*** Begin section ***
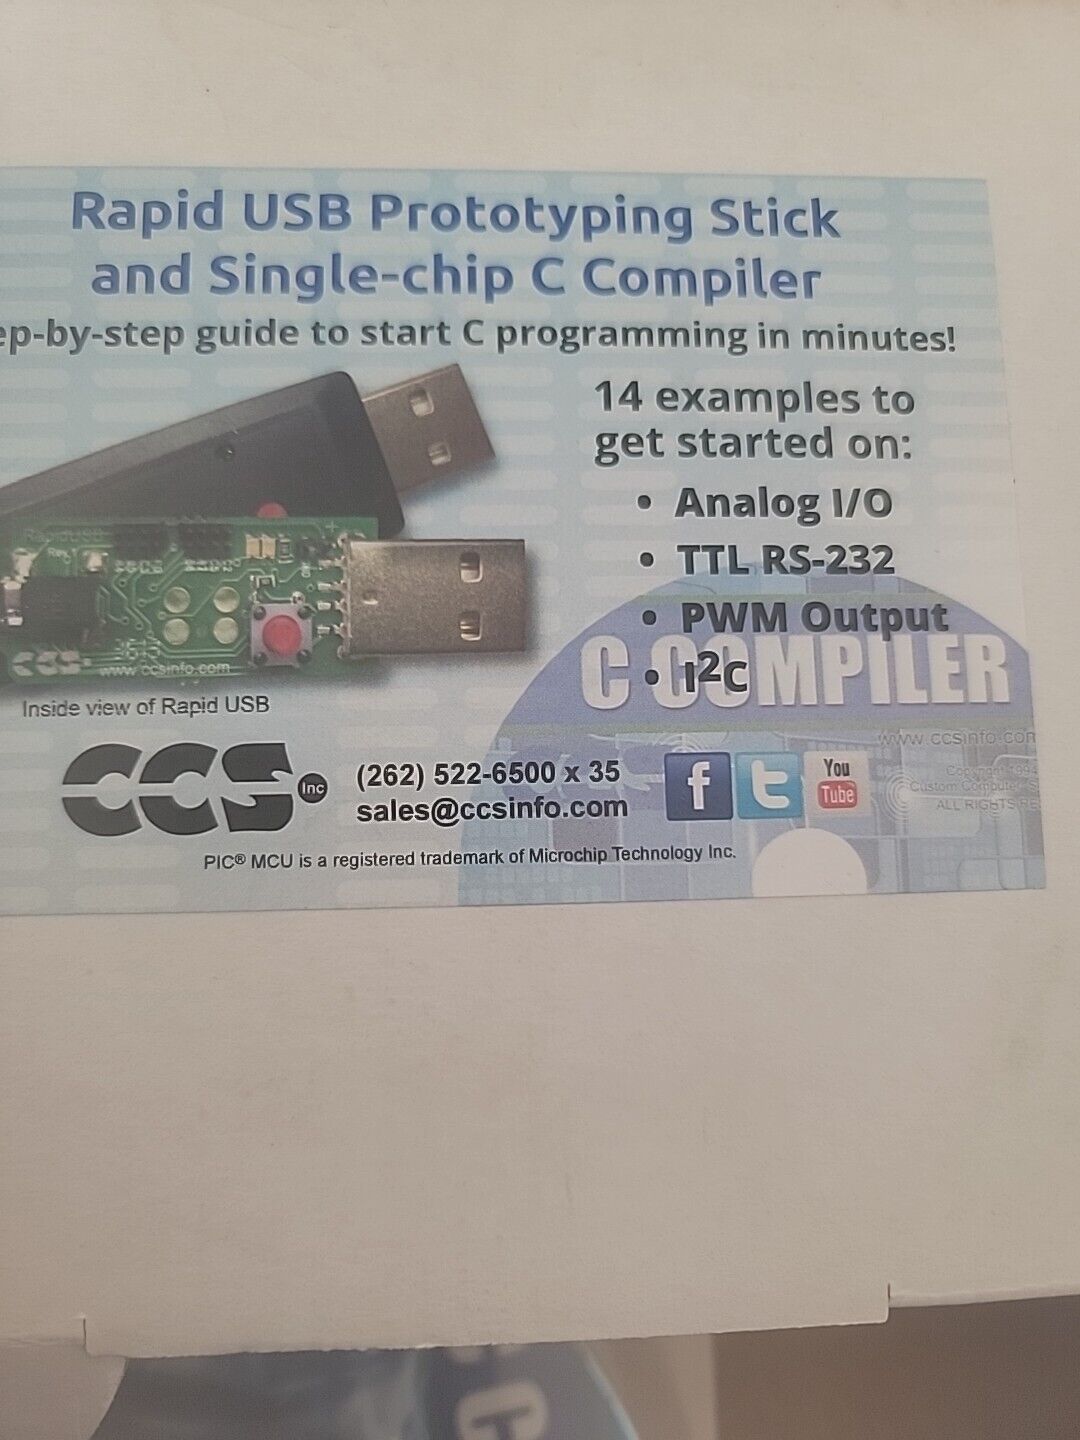 New Rapid USB Prototyping Stick And Complier With Disc Analog TTL Rs-232 PWM Out
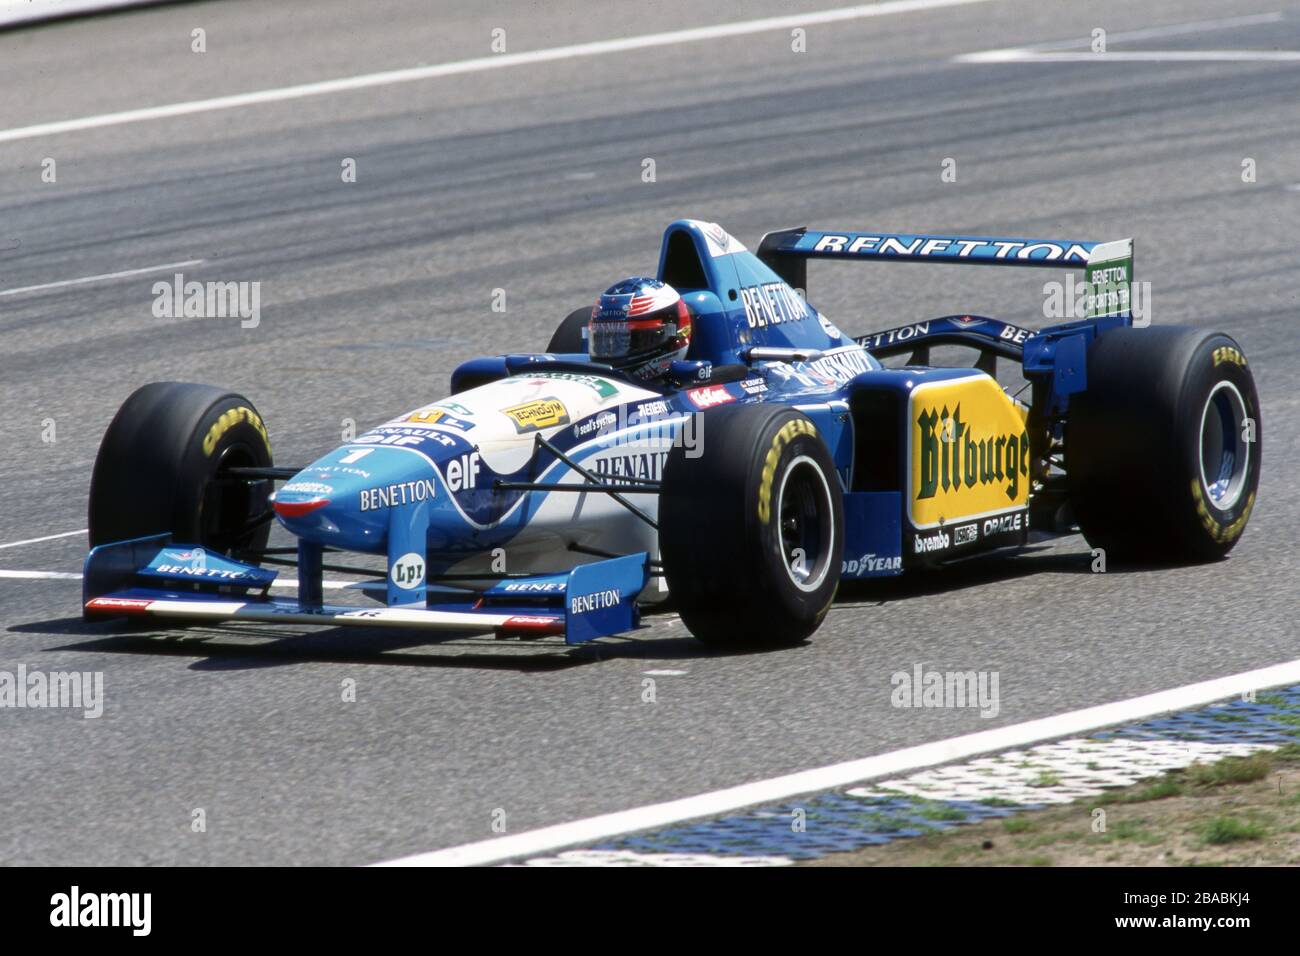 Michael Schumacher Benetton Car High Resolution Stock Photography And Images Alamy
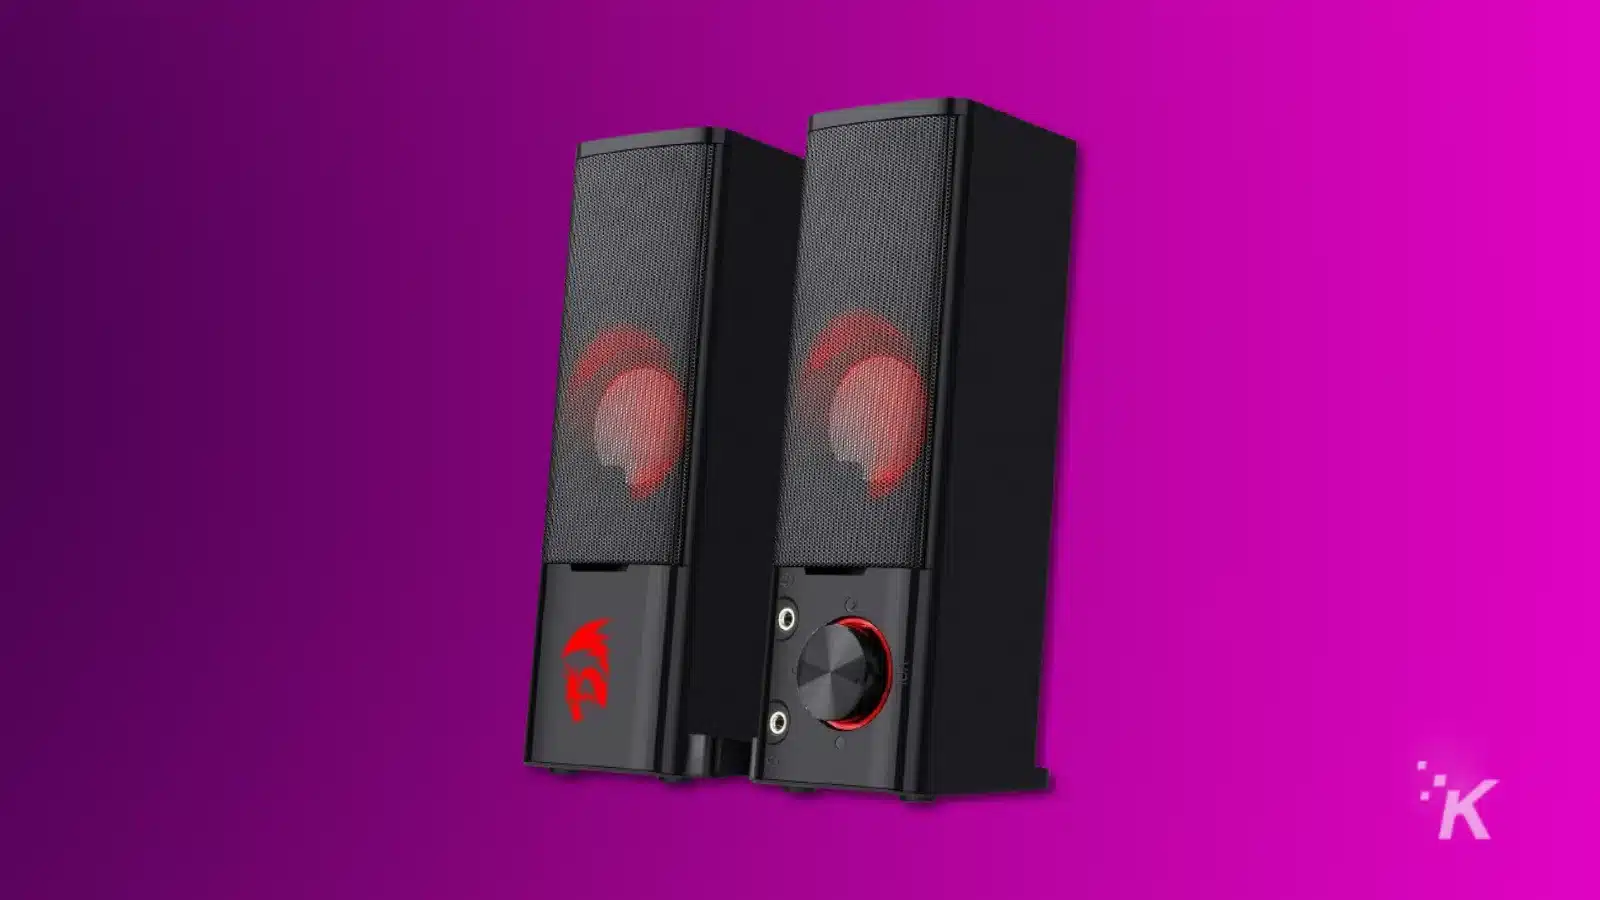 Render of redragon g550 gaming speakers on a purple background
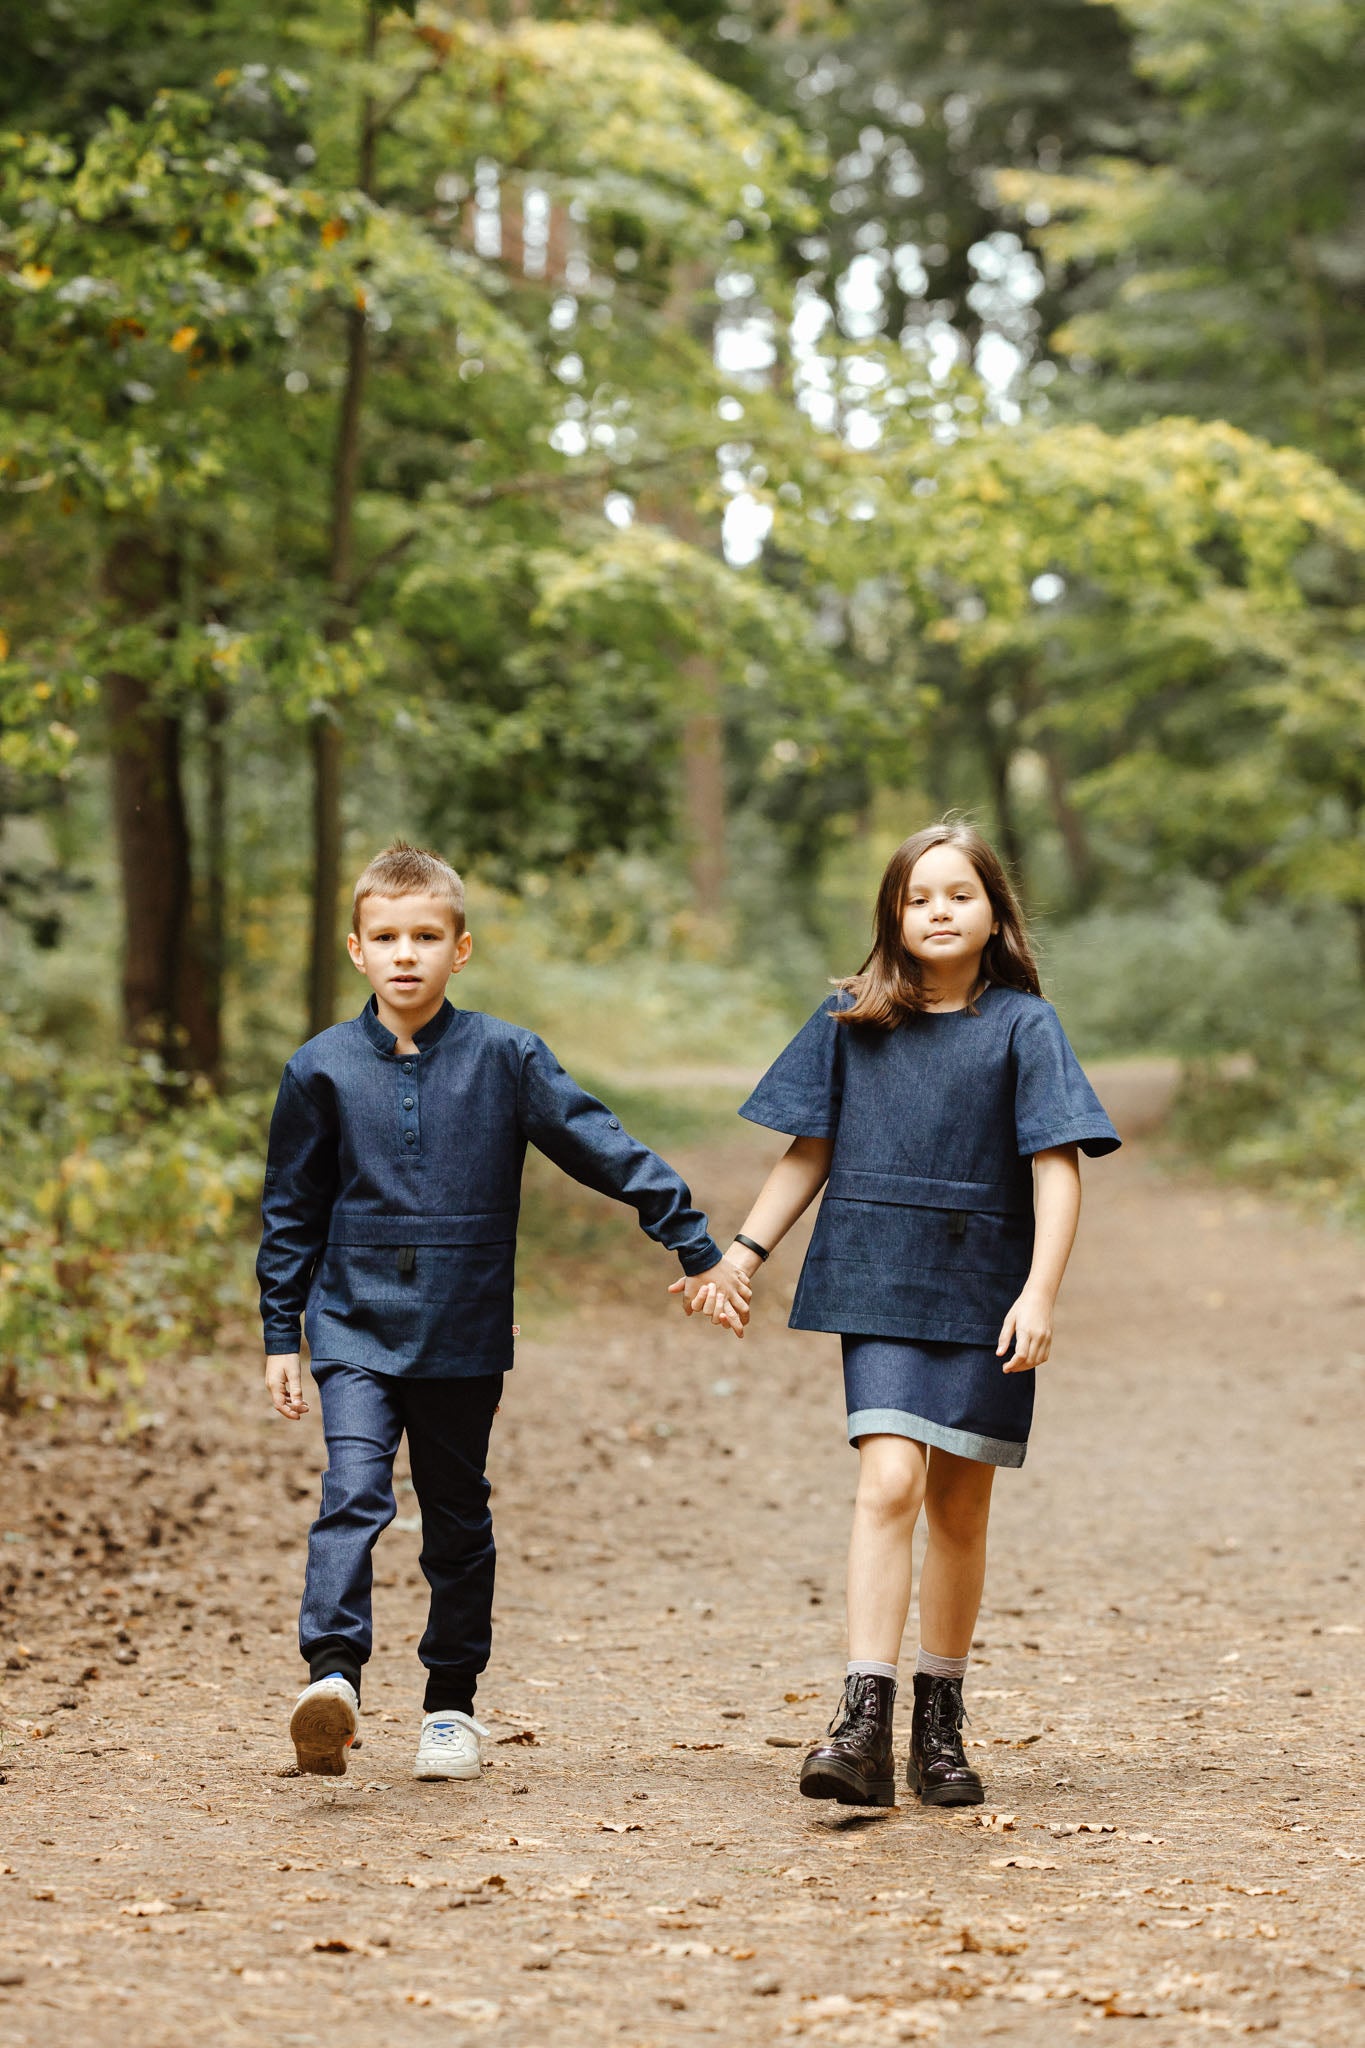 Type 1 Diabetes Clothing - Kids with dark clothes with pockets  | Our Pocket Hero
*** End section ***
• [What is being asked]:
Each line above should be written out again unchanged; no images are to be carried over.

• [Answer section]:
 New Rapid USB Prototyping Stick And Complier With Disc Analog TTL Rs-232 PWM Out
 Michael Schumacher Benetton Car High Resolution Stock Photography And Images Alamy
 Render of redragon g550 gaming speakers on a purple background
 Type 1 Diabetes Clothing - Kids with dark clothes with pockets  | Our Pocket Hero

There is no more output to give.